To sum up, we propose an alternating direction strategy to solve the minimization of Equation (11). The sub-problems concerning $\mathbf{P}$ and $\mathbf{R}$ are updated on the product manifold of the Stiefel and SPD manifold via the Riemannian gradient descent algorithm [41]. The sub-problem concerning $\mathcal{Z}$ has a closed-form solution. The main procedure of ISMLP is documented in Algorithm 1. It should be noted that we utilize a Gaussian Mixture Model (GMM) to initialize the set of proxy vectors which are the means of the corresponding components. We also document the variations of objective function values with respect to iterations on three datasets in Figure 1. Clearly, the loss decreases as the iterations and inclines become stable after several iterations, which proves that the proposed algorithm can converge within limited iterations.

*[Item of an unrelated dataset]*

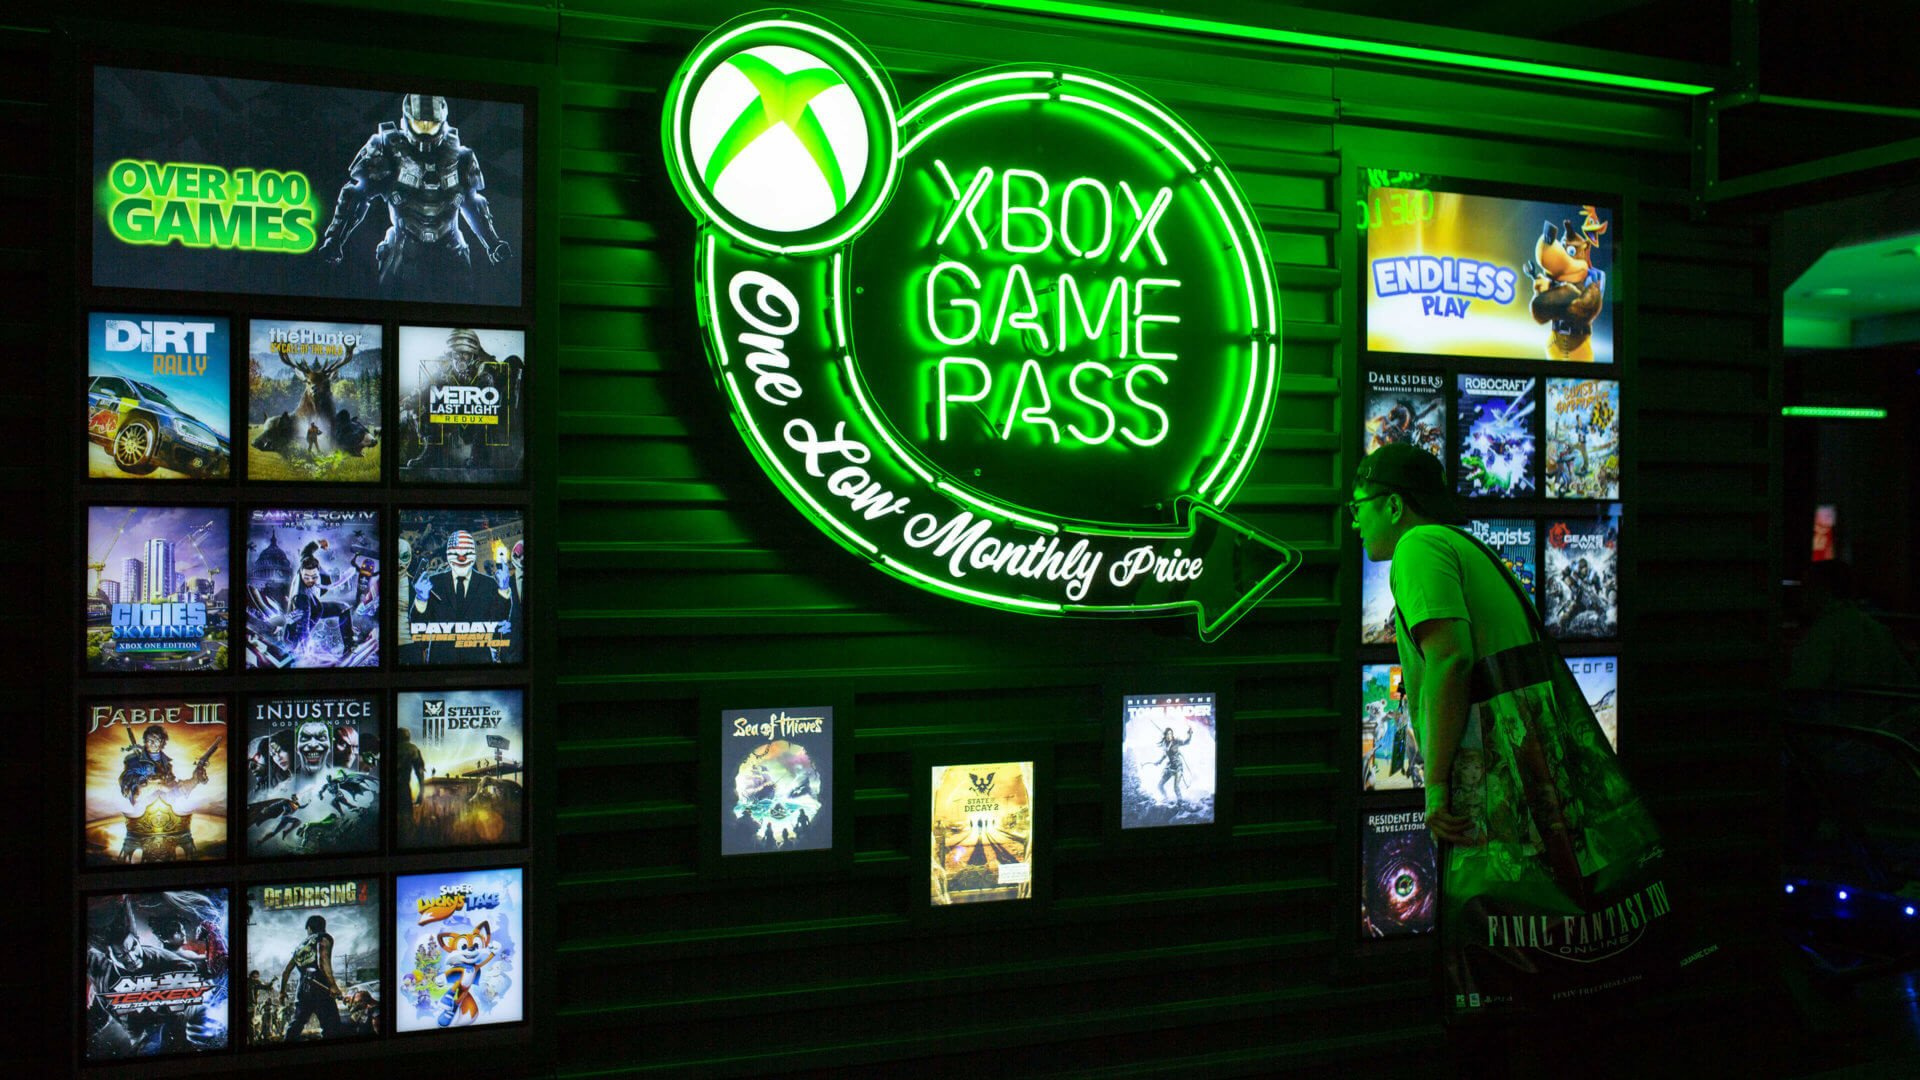 is red dead redemption 2 going to be on xbox game pass

Algorithm 1: The optimization strategy of ISMLP.

Input: The labeled and unlabeled datasets ${\mathbf{X}}_l\in {\mathbb{R}}^{d\times n_l}$ and ${\mathbf{X}}_u\in {\mathbb{R}}^{d\times n_u}$, the similar constraint set $\mathcal{S}$, $\lambda$, the number of proxy vectors m, $\mu$, and the dimensionality of the embedding space p; 1 Initialize $\mathbf{P}\in {\mathbb{R}}^{d\times p}$ as a column orthonormal matrix, and setting $\mathbf{R}$ as the identity matrix ${\mathbf{I}}_p$; 2 Initialize the set of proxy vectors via the Gaussian mixture model by setting the number of components as m; 3 while not converged do 8 end  Output: The projection matrix $\mathbf{P}$ and low-dimensionality Mahalanobis matrix $\mathbf{R}$;

Time Complexity of ISMLP

In this section, we provide a brief analysis of the time complexity of the proposed ISMLP. Recall that the number of labeled and unlabeled data is $n_l$ and $n_u$, respectively. The dimensionality of the original and the reduced data is denoted as d and p. The number of proxy vectors is denoted as m. The main procedures of ISMLP consist of the following main steps: (1) Evaluating the loss function; (2) Computing the Euclidean gradient of the loss function with respect to $\mathbf{P}$ and $\mathbf{R}$; (3) Projecting the Euclidean gradient of $\mathbf{P}$ and $\mathbf{R}$ to the tangent space and then retracing them back to the manifold; (4) Updating the set of the proxy vectors.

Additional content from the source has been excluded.